Итак, атеизм был общим свойством радикальной части левого лагеря. Однако до прихода большевиков к власти он вовсе не был идеологическим требованием. “Красные похороны” были светскими, но не атеистическими. Скорбящие и жертвы насилия, которых они оплакивали, могли исповедовать любую религию или не исповедовать никакой. В октябре 1905 года похороны жертв еврейского погрома в Екатеринославле вылились в массовую демонстрацию. Погром стал очередным проявлением той ненависти, которая вырвалась наружу в связи с революцией и ее провалом. В этот раз, как и во многих других подобных случаях, ритуалы, речи и песни были заимствованы из широкого круга источников. Одним из таких источников, вдохновлявшим собравшихся, была музыка другой революции – Великой французской. Когда полиция дозволяла, демонстранты исполняли “Марсельезу”, а также популярные песни, восходящие к Отечественной войне 1812 года с Наполеоном. Военные образы битвы и боевой чести проходили цензуру, и самым популярным гимном “красных похорон”, по воспоминанию Александра Пастернака, стала песня “Вы жертвою пали”. Первоначальный текст, написанный в 1870-х – начале 1880-х годов, был довольно сдержанным:

Вы жертвою пали в борьбе роковой Любви беззаветной к народу, Вы отдали все, что могли, за него, За честь его, жизнь и свободу!

Но дальнейший текст – а некоторые строфы были добавлены в 1890-е годы – был куда более откровенен в своем революционном посыле:

А деспот пирует в роскошном дворце, Тревогу вином заливая, Но грозные буквы давно на стене Уж чертит рука роковая!

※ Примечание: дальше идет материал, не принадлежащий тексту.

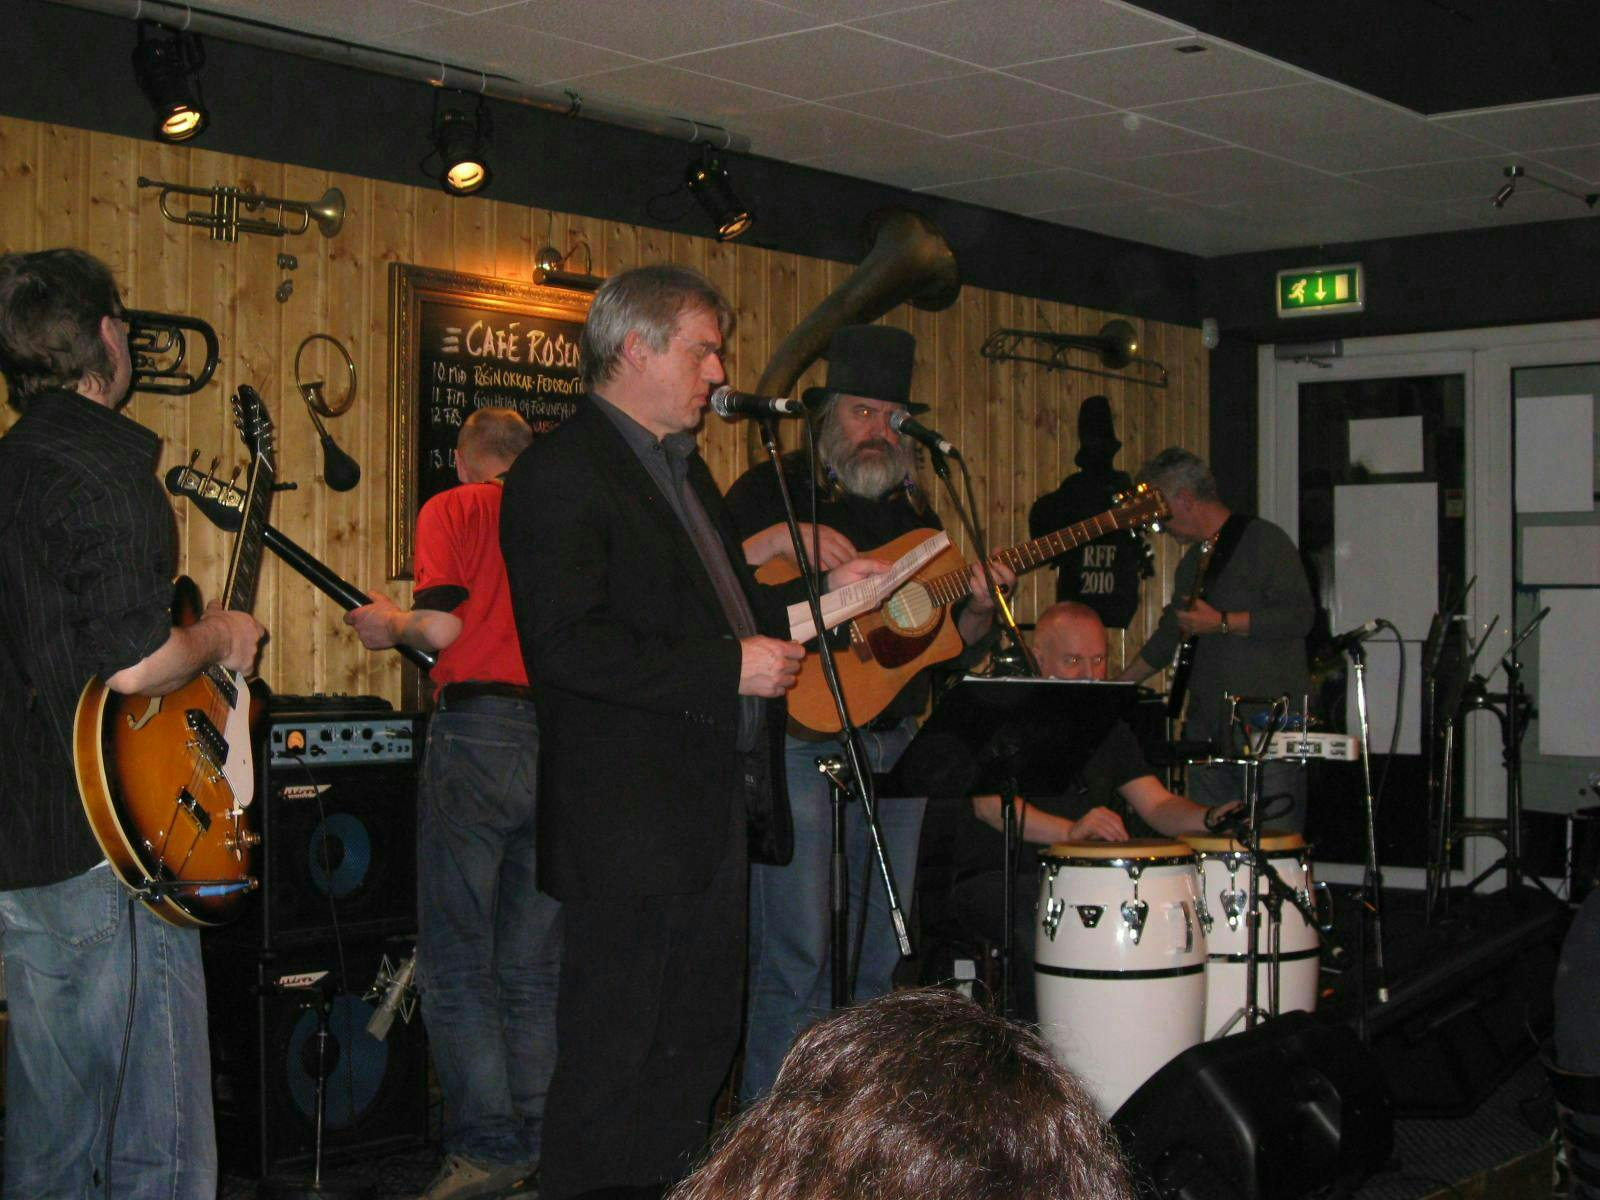 A folk band playing at Café Rosenberg, Reykjavik.

Настанет пора – и проснется народ, Великий, могучий, свободный! Прощайте же, братья, вы честно прошли Свой доблестный путь, благородный! [226]

Текст этой песни типичен не только из-за духа жертвенности, который пронизывает его, но и потому, что заимствует хорошо знакомый библейский образ – письмена на стене дворца вавилонского царя Валтасара: “мене, мене, текел, упарсин”. Значительная часть революционной поэзии того времени – причем не только гимны, посвященные павшим, – прибегала к похожим религиозным мотивам. В конце концов, в этом нет ничего удивительного, ведь радикально настроенные рабочие 1905–1917 годов были наследниками религиозной культуры. Их язык был пропитан религиозной образностью. Даже излюбленные ими бранные слова обычно в той или иной форме отсылали к Богу или святым угодникам. Но за словами и неисследованными аллюзиями скрывалось более общее метафорическое понимание жизни. В своей статье о религиозности в среде элиты рабочего класса Марк Стайнберг пишет: “Для них характерно было представление о человеческом существовании как о мифическом путешествии через страдания к спасению, к избавлению от невзгод, зла и даже смерти. Образы мученичества, распятия, преображения-перевоплощения и воскресения оставались частью их творческого словаря так же, как и нарративное внимание к страданию, злу и спасению души”.

Как верно добавляет Стайнберг, использование подобной религиозной образности отнюдь не доказывало наличие христианской веры. Даже среди грамотных рабочих вера была делом скорее неформальным, и люди нечасто пересматривали свои убеждения и представления о вещах. Прежние идеи о загробной жизни никуда не делись, и в поэзии того времени упоминаются разговоры с мертвыми, однако вера в потустороннее не требовала обязательного принятия других аспектов православной космологии. Революционные тексты полны образами бессмертия. Мертвые возвращаются для того, чтобы поговорить с живыми, являются к ним в снах. Например, в январе 1918 года один автор радикального толка, писавший для газеты рабочих “Рабочая жизнь”, описывал свою “встречу” с одной из жертв Кровавого воскресенья. Ему привиделся лежащий на земле умирающий человек. Когда из него вытащили царский штык, последними словами мученика были: “Господи, прости ему, ибо он не ведает, что творит”.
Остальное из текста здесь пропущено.